Information supplied:
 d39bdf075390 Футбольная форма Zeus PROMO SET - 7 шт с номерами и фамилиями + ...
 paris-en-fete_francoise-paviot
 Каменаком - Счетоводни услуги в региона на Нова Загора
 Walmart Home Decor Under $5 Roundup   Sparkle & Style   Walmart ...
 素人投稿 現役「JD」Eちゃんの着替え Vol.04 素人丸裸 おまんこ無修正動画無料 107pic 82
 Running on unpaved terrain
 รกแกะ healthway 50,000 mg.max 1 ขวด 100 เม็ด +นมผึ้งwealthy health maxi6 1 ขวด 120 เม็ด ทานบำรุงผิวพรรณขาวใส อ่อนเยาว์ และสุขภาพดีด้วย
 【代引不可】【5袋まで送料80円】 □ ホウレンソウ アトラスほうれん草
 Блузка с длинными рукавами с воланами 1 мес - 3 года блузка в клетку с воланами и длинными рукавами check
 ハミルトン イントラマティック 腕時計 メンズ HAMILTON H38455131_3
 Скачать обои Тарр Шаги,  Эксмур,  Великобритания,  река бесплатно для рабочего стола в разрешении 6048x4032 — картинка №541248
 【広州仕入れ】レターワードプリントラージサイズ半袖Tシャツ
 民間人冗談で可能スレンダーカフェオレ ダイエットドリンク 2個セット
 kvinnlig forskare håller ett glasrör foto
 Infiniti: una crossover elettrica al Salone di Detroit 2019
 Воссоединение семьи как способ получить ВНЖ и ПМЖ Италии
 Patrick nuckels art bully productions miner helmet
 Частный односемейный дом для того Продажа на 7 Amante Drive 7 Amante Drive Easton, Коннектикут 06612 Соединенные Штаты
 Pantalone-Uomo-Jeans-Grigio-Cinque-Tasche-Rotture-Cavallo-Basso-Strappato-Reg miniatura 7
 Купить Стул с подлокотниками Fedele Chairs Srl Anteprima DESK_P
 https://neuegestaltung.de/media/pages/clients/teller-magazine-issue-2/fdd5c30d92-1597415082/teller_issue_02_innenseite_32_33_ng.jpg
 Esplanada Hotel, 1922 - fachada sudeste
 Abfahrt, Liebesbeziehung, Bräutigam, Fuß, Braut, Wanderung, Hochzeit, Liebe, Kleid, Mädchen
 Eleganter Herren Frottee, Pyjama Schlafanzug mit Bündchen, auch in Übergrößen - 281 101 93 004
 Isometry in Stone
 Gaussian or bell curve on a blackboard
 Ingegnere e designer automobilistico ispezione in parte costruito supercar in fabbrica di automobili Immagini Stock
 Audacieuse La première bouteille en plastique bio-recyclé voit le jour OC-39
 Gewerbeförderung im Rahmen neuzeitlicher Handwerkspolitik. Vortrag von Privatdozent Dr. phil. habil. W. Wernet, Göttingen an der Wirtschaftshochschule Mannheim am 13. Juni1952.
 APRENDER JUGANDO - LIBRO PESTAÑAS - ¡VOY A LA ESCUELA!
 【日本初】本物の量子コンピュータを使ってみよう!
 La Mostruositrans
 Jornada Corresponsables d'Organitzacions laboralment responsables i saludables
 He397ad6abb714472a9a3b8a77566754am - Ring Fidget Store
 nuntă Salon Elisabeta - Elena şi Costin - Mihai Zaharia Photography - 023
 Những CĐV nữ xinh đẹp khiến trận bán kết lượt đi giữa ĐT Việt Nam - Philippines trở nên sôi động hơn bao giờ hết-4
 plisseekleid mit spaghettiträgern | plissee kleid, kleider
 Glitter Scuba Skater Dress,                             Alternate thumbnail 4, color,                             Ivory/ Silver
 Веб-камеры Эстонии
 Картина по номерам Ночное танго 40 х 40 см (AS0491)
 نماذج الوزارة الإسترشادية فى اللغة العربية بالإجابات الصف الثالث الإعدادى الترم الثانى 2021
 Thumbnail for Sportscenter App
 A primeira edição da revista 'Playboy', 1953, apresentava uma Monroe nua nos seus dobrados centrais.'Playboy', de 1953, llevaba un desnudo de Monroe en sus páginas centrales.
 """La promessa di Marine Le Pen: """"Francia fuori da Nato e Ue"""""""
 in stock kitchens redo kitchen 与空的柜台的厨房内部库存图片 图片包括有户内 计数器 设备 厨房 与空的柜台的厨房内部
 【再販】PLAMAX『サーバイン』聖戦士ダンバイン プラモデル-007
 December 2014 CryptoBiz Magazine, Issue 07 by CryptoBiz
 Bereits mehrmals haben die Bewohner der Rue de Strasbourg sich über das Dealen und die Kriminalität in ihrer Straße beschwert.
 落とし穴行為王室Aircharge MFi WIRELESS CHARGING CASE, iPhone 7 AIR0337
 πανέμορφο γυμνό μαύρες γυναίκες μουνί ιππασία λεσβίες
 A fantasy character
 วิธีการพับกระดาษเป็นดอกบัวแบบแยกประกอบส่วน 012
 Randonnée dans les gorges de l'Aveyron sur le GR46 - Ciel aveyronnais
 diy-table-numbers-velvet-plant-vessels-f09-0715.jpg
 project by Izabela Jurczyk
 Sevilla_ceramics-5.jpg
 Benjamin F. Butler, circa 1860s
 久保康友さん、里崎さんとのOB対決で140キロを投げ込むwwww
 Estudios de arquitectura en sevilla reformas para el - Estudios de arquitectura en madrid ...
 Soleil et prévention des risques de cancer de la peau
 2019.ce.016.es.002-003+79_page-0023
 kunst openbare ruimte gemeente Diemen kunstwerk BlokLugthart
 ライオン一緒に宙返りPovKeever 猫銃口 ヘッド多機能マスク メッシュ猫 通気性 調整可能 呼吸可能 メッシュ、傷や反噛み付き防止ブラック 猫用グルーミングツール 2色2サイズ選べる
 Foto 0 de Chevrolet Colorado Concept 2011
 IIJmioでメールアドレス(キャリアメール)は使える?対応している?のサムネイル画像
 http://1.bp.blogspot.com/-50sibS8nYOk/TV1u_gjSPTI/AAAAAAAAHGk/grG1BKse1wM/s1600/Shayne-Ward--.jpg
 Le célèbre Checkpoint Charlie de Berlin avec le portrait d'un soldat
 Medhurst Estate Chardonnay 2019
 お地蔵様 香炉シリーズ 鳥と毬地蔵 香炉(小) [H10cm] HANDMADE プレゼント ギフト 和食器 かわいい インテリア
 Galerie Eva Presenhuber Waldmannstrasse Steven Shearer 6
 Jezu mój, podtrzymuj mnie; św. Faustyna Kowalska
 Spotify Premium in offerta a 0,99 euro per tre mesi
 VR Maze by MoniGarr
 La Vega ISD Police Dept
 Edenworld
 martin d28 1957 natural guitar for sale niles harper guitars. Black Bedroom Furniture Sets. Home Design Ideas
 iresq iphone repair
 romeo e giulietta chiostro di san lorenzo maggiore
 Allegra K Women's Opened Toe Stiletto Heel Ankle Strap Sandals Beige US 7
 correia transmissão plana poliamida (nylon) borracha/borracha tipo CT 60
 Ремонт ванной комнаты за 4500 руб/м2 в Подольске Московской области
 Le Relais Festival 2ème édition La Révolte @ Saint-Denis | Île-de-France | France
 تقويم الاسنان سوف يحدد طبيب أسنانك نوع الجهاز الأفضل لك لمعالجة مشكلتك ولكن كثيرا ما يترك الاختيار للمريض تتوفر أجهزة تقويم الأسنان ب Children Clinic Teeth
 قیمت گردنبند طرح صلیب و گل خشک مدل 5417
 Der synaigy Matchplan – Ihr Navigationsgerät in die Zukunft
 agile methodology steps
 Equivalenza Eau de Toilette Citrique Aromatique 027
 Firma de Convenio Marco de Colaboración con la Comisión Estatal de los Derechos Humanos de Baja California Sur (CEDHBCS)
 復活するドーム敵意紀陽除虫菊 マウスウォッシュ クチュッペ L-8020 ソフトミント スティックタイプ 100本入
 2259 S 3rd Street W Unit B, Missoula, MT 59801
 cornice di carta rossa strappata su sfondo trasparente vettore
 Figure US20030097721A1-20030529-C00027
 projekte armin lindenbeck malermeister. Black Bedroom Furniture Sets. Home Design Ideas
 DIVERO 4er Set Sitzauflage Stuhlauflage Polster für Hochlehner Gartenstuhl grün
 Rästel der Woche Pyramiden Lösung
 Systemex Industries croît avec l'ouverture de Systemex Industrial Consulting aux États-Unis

Problem statement: Retype exactly, and only, the lines above from the one where "Glitter Scuba Skater" occurs up to and including the one where "December 2014 CryptoBiz" occurs.

Answer to this task:
 Glitter Scuba Skater Dress,                             Alternate thumbnail 4, color,                             Ivory/ Silver
 Веб-камеры Эстонии
 Картина по номерам Ночное танго 40 х 40 см (AS0491)
 نماذج الوزارة الإسترشادية فى اللغة العربية بالإجابات الصف الثالث الإعدادى الترم الثانى 2021
 Thumbnail for Sportscenter App
 A primeira edição da revista 'Playboy', 1953, apresentava uma Monroe nua nos seus dobrados centrais.'Playboy', de 1953, llevaba un desnudo de Monroe en sus páginas centrales.
 """La promessa di Marine Le Pen: """"Francia fuori da Nato e Ue"""""""
 in stock kitchens redo kitchen 与空的柜台的厨房内部库存图片 图片包括有户内 计数器 设备 厨房 与空的柜台的厨房内部
 【再販】PLAMAX『サーバイン』聖戦士ダンバイン プラモデル-007
 December 2014 CryptoBiz Magazine, Issue 07 by CryptoBiz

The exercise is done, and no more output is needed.